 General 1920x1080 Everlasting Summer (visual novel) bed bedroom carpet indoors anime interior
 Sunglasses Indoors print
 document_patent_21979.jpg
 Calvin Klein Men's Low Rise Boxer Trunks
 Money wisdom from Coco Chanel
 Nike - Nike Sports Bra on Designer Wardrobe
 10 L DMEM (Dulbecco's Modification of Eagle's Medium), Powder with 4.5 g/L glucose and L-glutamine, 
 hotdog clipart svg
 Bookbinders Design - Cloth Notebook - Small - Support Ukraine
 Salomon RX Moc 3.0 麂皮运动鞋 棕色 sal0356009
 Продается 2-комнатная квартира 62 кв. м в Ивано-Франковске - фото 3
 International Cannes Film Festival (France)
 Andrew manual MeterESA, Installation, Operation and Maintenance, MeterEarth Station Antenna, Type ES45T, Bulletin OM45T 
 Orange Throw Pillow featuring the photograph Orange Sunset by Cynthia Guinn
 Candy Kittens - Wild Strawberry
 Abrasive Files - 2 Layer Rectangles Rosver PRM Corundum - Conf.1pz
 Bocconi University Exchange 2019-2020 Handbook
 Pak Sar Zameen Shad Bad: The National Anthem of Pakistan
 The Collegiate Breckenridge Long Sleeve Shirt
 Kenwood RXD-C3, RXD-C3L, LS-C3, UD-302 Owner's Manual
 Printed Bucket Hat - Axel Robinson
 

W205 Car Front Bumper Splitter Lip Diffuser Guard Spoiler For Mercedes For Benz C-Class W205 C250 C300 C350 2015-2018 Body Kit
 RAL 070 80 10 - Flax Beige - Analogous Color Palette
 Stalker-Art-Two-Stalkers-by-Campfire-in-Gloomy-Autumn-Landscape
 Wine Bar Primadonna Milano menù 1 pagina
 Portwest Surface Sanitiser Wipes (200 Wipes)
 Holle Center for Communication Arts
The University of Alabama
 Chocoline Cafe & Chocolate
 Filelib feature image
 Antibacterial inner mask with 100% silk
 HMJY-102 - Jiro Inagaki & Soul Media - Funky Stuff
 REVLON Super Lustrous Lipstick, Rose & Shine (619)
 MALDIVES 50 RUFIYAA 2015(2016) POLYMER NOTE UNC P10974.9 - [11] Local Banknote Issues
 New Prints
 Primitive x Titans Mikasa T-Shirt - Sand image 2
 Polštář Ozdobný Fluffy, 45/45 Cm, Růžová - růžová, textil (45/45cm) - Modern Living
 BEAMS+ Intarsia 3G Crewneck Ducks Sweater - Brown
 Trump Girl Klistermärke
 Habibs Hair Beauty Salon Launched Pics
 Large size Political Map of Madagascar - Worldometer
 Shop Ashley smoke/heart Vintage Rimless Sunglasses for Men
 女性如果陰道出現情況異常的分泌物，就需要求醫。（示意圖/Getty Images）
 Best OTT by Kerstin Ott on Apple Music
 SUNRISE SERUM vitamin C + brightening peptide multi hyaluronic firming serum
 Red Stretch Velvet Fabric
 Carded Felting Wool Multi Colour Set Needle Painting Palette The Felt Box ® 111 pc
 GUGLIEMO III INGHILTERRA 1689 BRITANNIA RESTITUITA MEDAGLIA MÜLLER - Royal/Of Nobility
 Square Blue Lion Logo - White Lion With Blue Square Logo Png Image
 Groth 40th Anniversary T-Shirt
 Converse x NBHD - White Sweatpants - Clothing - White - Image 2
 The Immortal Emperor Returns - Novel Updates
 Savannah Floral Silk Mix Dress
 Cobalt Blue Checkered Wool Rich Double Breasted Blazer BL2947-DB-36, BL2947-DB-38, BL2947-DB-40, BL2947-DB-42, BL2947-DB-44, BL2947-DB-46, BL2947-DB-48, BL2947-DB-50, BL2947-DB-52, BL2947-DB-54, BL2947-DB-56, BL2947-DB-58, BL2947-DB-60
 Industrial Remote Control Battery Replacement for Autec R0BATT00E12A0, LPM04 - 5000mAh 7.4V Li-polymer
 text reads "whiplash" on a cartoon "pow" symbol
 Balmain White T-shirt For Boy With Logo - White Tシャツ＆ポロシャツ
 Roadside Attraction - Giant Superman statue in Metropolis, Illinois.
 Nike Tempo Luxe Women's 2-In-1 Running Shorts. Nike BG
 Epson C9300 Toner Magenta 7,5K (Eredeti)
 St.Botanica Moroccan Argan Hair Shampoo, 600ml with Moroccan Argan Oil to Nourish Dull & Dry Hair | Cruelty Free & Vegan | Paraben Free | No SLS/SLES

◆ Task brief
Give each entry again, spelled exactly as shown.

◆ Answer
 General 1920x1080 Everlasting Summer (visual novel) bed bedroom carpet indoors anime interior
 Sunglasses Indoors print
 document_patent_21979.jpg
 Calvin Klein Men's Low Rise Boxer Trunks
 Money wisdom from Coco Chanel
 Nike - Nike Sports Bra on Designer Wardrobe
 10 L DMEM (Dulbecco's Modification of Eagle's Medium), Powder with 4.5 g/L glucose and L-glutamine, 
 hotdog clipart svg
 Bookbinders Design - Cloth Notebook - Small - Support Ukraine
 Salomon RX Moc 3.0 麂皮运动鞋 棕色 sal0356009
 Продается 2-комнатная квартира 62 кв. м в Ивано-Франковске - фото 3
 International Cannes Film Festival (France)
 Andrew manual MeterESA, Installation, Operation and Maintenance, MeterEarth Station Antenna, Type ES45T, Bulletin OM45T 
 Orange Throw Pillow featuring the photograph Orange Sunset by Cynthia Guinn
 Candy Kittens - Wild Strawberry
 Abrasive Files - 2 Layer Rectangles Rosver PRM Corundum - Conf.1pz
 Bocconi University Exchange 2019-2020 Handbook
 Pak Sar Zameen Shad Bad: The National Anthem of Pakistan
 The Collegiate Breckenridge Long Sleeve Shirt
 Kenwood RXD-C3, RXD-C3L, LS-C3, UD-302 Owner's Manual
 Printed Bucket Hat - Axel Robinson
 

W205 Car Front Bumper Splitter Lip Diffuser Guard Spoiler For Mercedes For Benz C-Class W205 C250 C300 C350 2015-2018 Body Kit
 RAL 070 80 10 - Flax Beige - Analogous Color Palette
 Stalker-Art-Two-Stalkers-by-Campfire-in-Gloomy-Autumn-Landscape
 Wine Bar Primadonna Milano menù 1 pagina
 Portwest Surface Sanitiser Wipes (200 Wipes)
 Holle Center for Communication Arts
The University of Alabama
 Chocoline Cafe & Chocolate
 Filelib feature image
 Antibacterial inner mask with 100% silk
 HMJY-102 - Jiro Inagaki & Soul Media - Funky Stuff
 REVLON Super Lustrous Lipstick, Rose & Shine (619)
 MALDIVES 50 RUFIYAA 2015(2016) POLYMER NOTE UNC P10974.9 - [11] Local Banknote Issues
 New Prints
 Primitive x Titans Mikasa T-Shirt - Sand image 2
 Polštář Ozdobný Fluffy, 45/45 Cm, Růžová - růžová, textil (45/45cm) - Modern Living
 BEAMS+ Intarsia 3G Crewneck Ducks Sweater - Brown
 Trump Girl Klistermärke
 Habibs Hair Beauty Salon Launched Pics
 Large size Political Map of Madagascar - Worldometer
 Shop Ashley smoke/heart Vintage Rimless Sunglasses for Men
 女性如果陰道出現情況異常的分泌物，就需要求醫。（示意圖/Getty Images）
 Best OTT by Kerstin Ott on Apple Music
 SUNRISE SERUM vitamin C + brightening peptide multi hyaluronic firming serum
 Red Stretch Velvet Fabric
 Carded Felting Wool Multi Colour Set Needle Painting Palette The Felt Box ® 111 pc
 GUGLIEMO III INGHILTERRA 1689 BRITANNIA RESTITUITA MEDAGLIA MÜLLER - Royal/Of Nobility
 Square Blue Lion Logo - White Lion With Blue Square Logo Png Image
 Groth 40th Anniversary T-Shirt
 Converse x NBHD - White Sweatpants - Clothing - White - Image 2
 The Immortal Emperor Returns - Novel Updates
 Savannah Floral Silk Mix Dress
 Cobalt Blue Checkered Wool Rich Double Breasted Blazer BL2947-DB-36, BL2947-DB-38, BL2947-DB-40, BL2947-DB-42, BL2947-DB-44, BL2947-DB-46, BL2947-DB-48, BL2947-DB-50, BL2947-DB-52, BL2947-DB-54, BL2947-DB-56, BL2947-DB-58, BL2947-DB-60
 Industrial Remote Control Battery Replacement for Autec R0BATT00E12A0, LPM04 - 5000mAh 7.4V Li-polymer
 text reads "whiplash" on a cartoon "pow" symbol
 Balmain White T-shirt For Boy With Logo - White Tシャツ＆ポロシャツ
 Roadside Attraction - Giant Superman statue in Metropolis, Illinois.
 Nike Tempo Luxe Women's 2-In-1 Running Shorts. Nike BG
 Epson C9300 Toner Magenta 7,5K (Eredeti)
 St.Botanica Moroccan Argan Hair Shampoo, 600ml with Moroccan Argan Oil to Nourish Dull & Dry Hair | Cruelty Free & Vegan | Paraben Free | No SLS/SLES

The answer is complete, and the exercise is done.